I did see a video of a oversized GSD trying to do work, and it was very slow moving. And when it bit the decoy, it didn't do it with anywhere near the intensity that the working lines do.


----------



## MineAreWorkingline (May 2, 2015)

LoboFloppyEars said:


> I did see a video of a oversized GSD trying to do work, and it was very slow moving. And when it bit the decoy, it didn't do it with anywhere near the intensity that the working lines do.


How do you know it wasn't working lines?


----------



## VickyNero (Nov 8, 2017)

Sunsilver said:


> I owned a Shiloh at one time, which is why I know so much about them. Her temperament went to pot when she was about 9 months old, and became frightened of everything. At age 2, she still wasn't able to pass a basic temperament test, and when a small puppy came running towards her at the yearly Shiloh breed show, she was so frightened, she yanked the leash out of my hand! :rolleyes2:
> 
> She was fine up until 9 months. When she was 3 months old, we were out in the woods during the fall, and we'd frequently hear hunters firing their rifles. She'd just tilt her head, then go back to whatever she'd been doing.
> 
> ...



Thank you for actually giving me some information about the Shiloh Breed.
Large breeds seem to be a touchy subject in this forum.
I love my big black GSD hes a massive but healthy softy.
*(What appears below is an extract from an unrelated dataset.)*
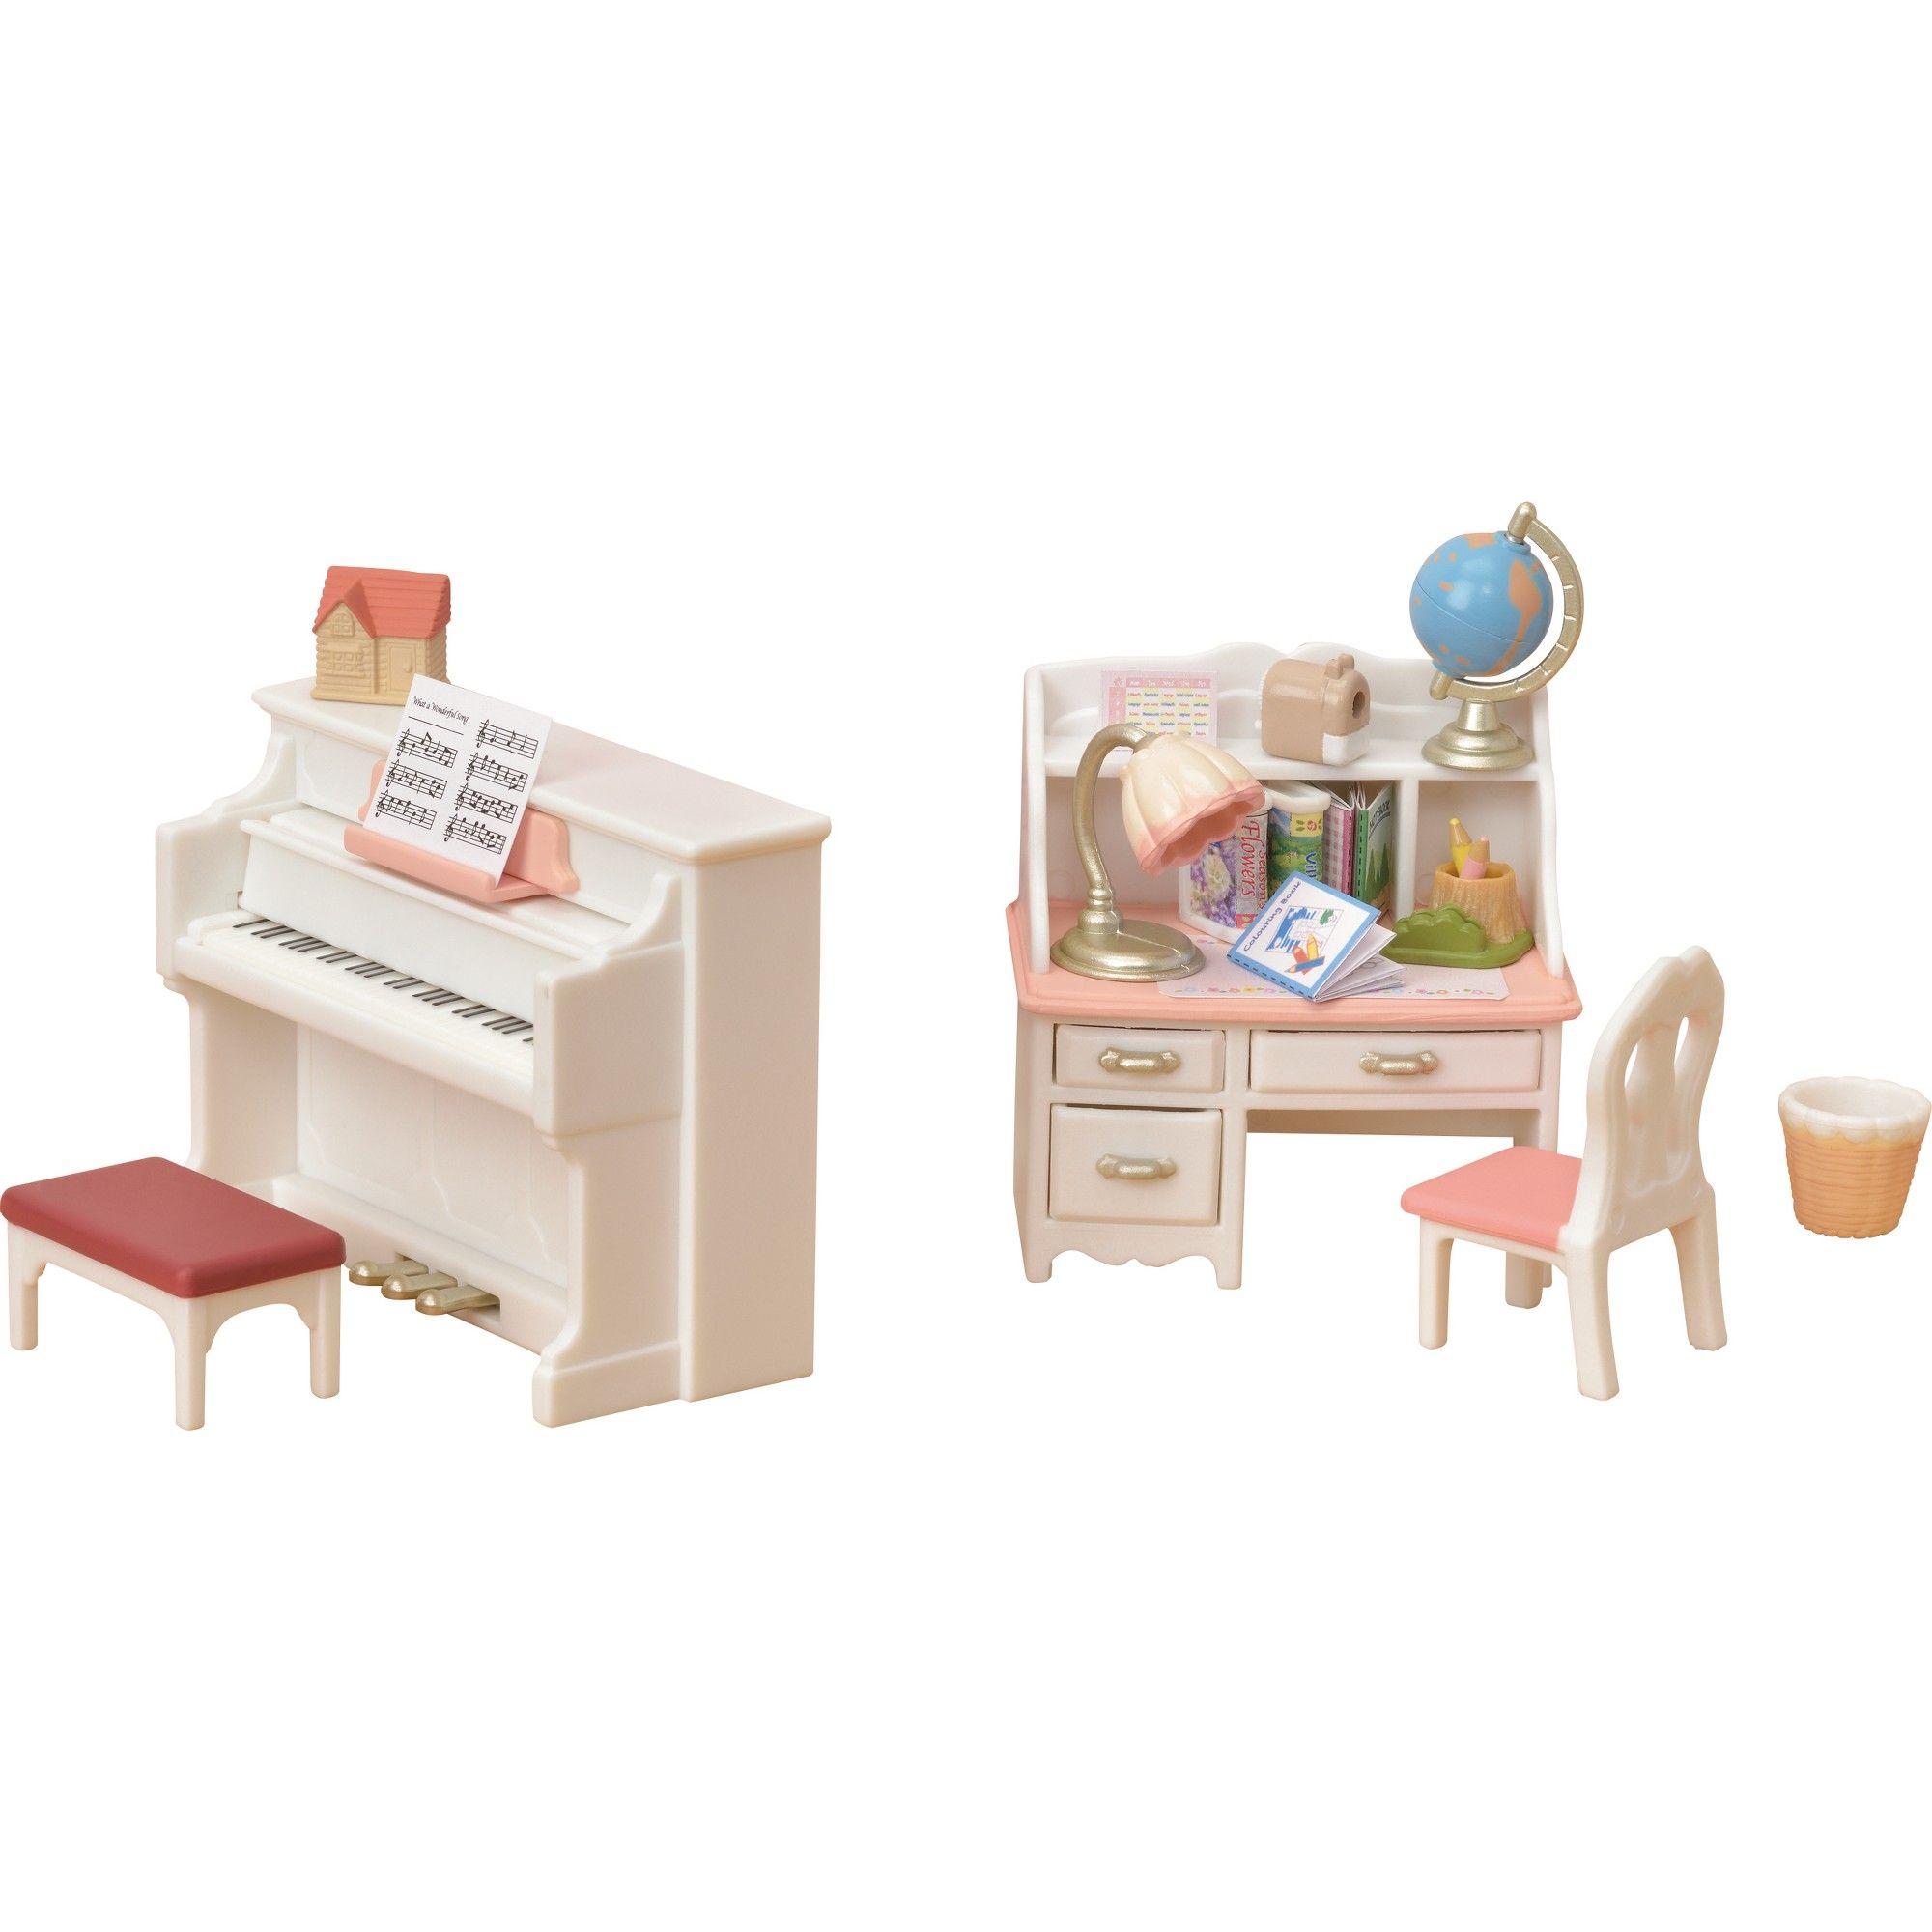 Calico Critters Piano and Desk Set in 2020 Piano desk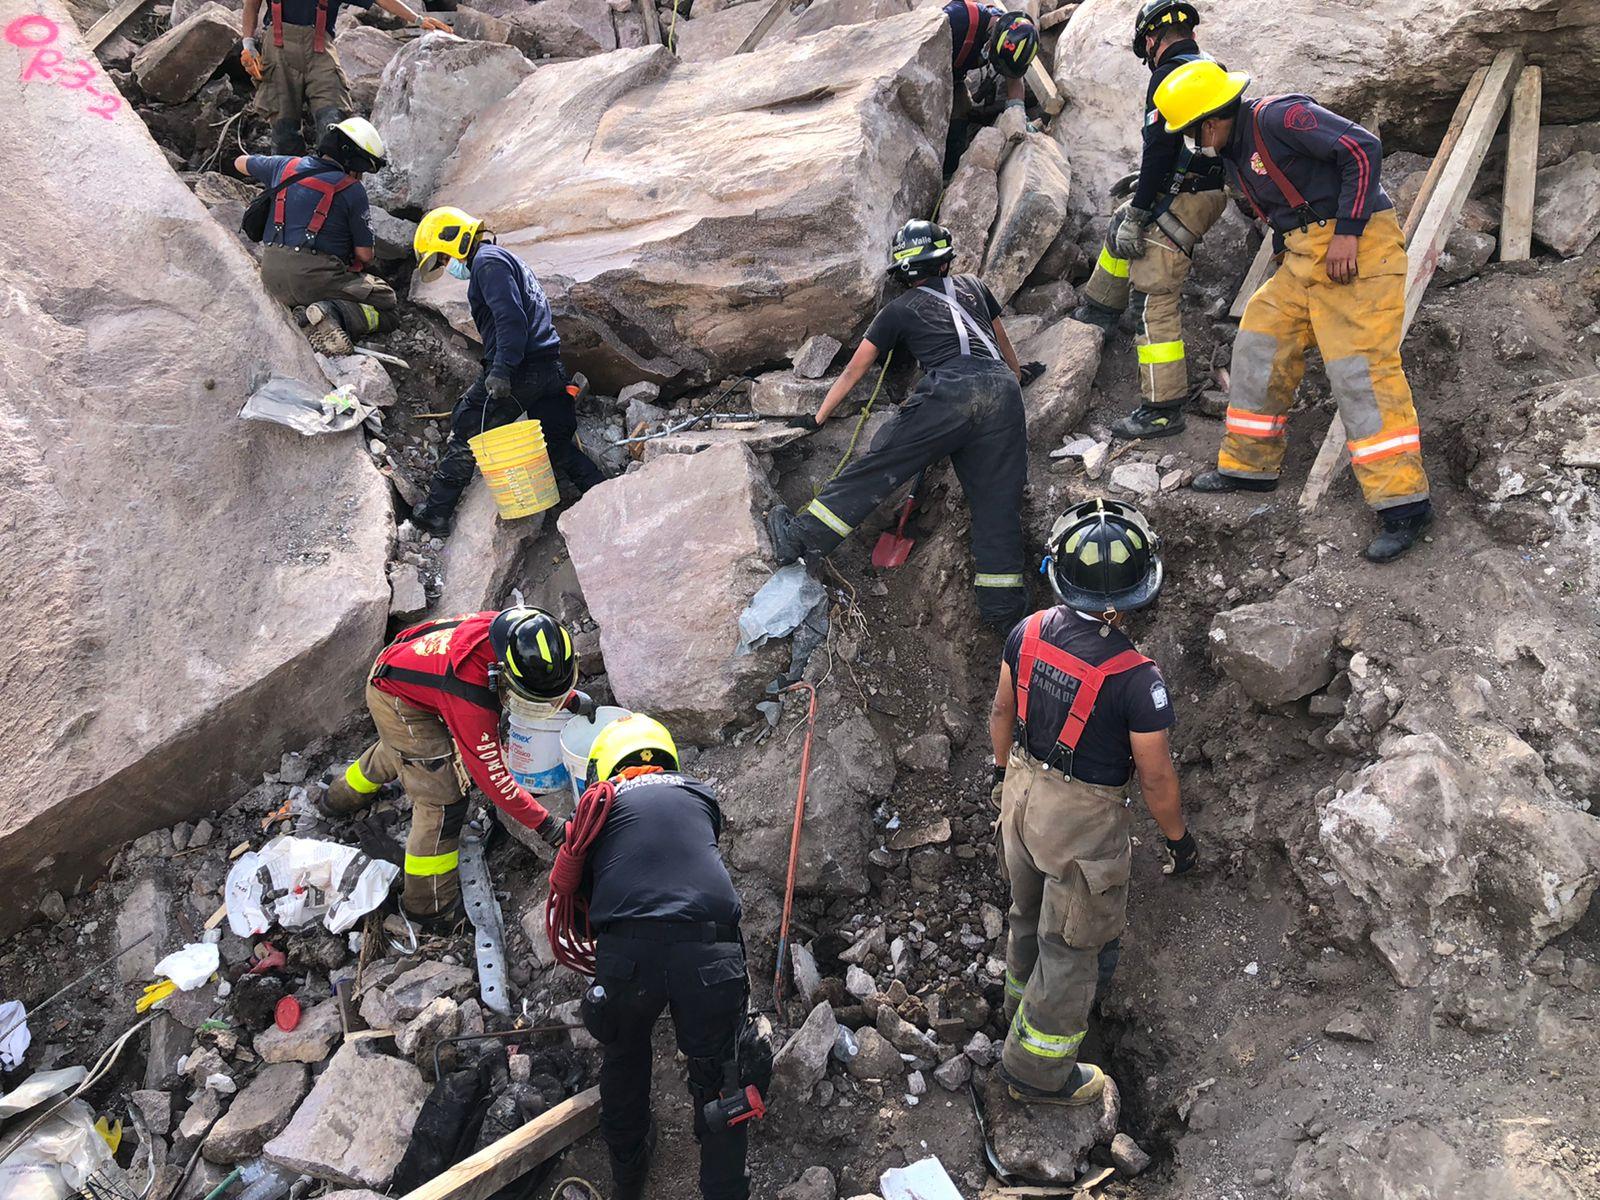 Encontraron restos humanos en derrumbe, pero los trabajos continuan en Tlalnepantla

I'm not really concerned with working dogs or breeding 'standards', I don't need to be, just simply wanted to know a but about the breeds and the similarity or differences to GSD.

So thank you Sunsilver, if anyone has much knowledge about the King Shepherds I would be interested.


----------



## Slamdunc (Dec 6, 2007)

It's not that "large breeds" are a touchy subject. There are plenty of excellent large breed dogs if you want a large breed. You could look at Bernese Mountain dogs, Irish Wolfhounds, Saint Bernards, etc. Those are large breed dogs. 

The reason you feel is that "large breeds" are a touchy subject is because a GSD is not a large breed dog. As a GSD owner for many years I feel a certain responsibility to adhere to breed standards. I'm not a breeder, but the GSD is my breed of choice. When I look at a German Shepherd I look at the entire dog, that includes temperament, structure, health, drive and working ability. When I look at a Lab or a Saint Bernard I see a different dog. I expect to see a different size, structure and temperament and working ability. 

While what a GSD is supposed to be, and bred to be may not concern some people it should concern GSD breeders. The breeders should adhere to the standards of the breed, in size, structure, temperament and working ability. Unfortunately, the vast majority of breeders do not adhere to any standards and have "GSD look alikes." A nice dog with a lab like personality, if your lucky, with pointy ears and black and tan coat. Often you don't even get a lab like personality but a nervous insecure dog that barely resembles a GSD in looks, structure and color. 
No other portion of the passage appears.